Мать услыхала, выпрямилась во весь рост и, молча улыбаясь, с минуту поглядела в мою сторону, махнула мне серпом и опять стала жать. А когда я подошел к ней ближе, она поцеловала меня жесткими, обгоревшими на солнце губами и сказала:
— Помощничек ты мой золотой! Иди вон туда, в холодок, за снопы, посиди.
— Мне тоже хочется жать, — сказал я.
— Ох уж ты мне жнец, горе! — вздохнула мать. — Ты, сынок, еще не умеешь.

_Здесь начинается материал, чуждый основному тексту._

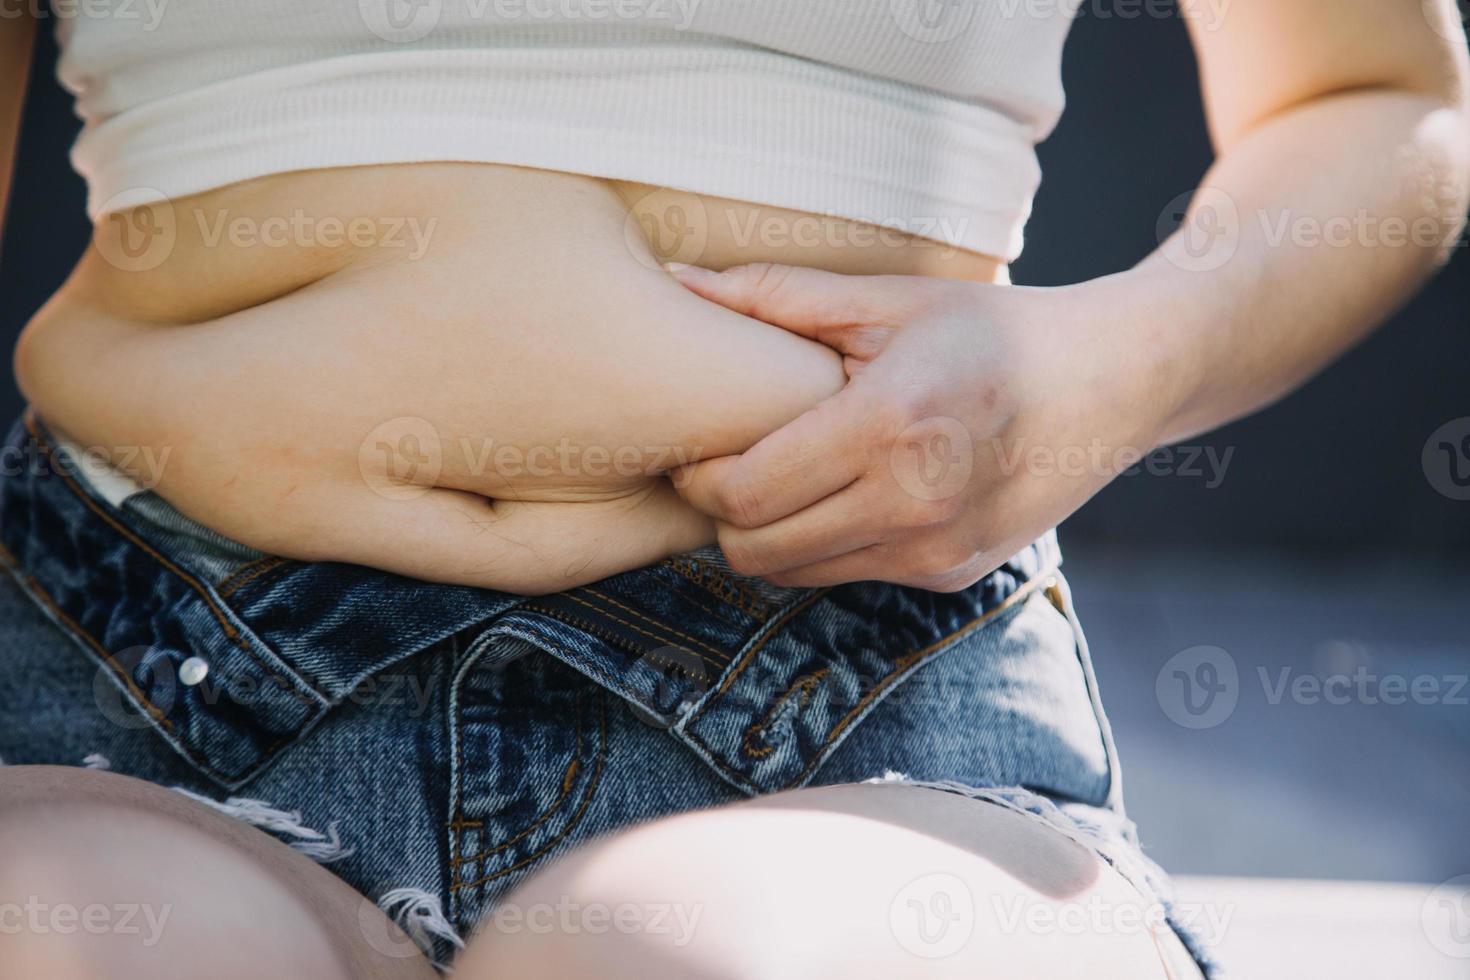 fett kvinna, fett mage, knubbig, fet kvinna hand innehav överdriven mage fett med mäta tejp, kvinna diet livsstil begrepp foto

— Нет, умею! — настойчиво говорю я.
— Ну ладно, — согласилась мать. — Вот в полдник я лягу отдыхать, а ты жать будешь. Поди принеси пока из колодца водички холодненькой…
И вот серп — в моих руках… Мать стояла около меня и наблюдала, как я неумело подрезал рожь, вытеребливал ее с корнем, излишне суетился, хватал по полной горсти, подражая взрослым, опытным жницам. Мать подсказывала, объясняла, советовала:
— Не торопись, сынок. Горсть забирай поменьше, а когда заберешь — приклони ее немножко, прижми поплотнее к серпу и сильным рывком режь. Тогда и выдергивать с корнем не будешь. Да смотри колоски не теряй. Ну, жни с богом, а я пойду отдохну. Может, ползагончика и выжнешь, — шутливо проговорила она.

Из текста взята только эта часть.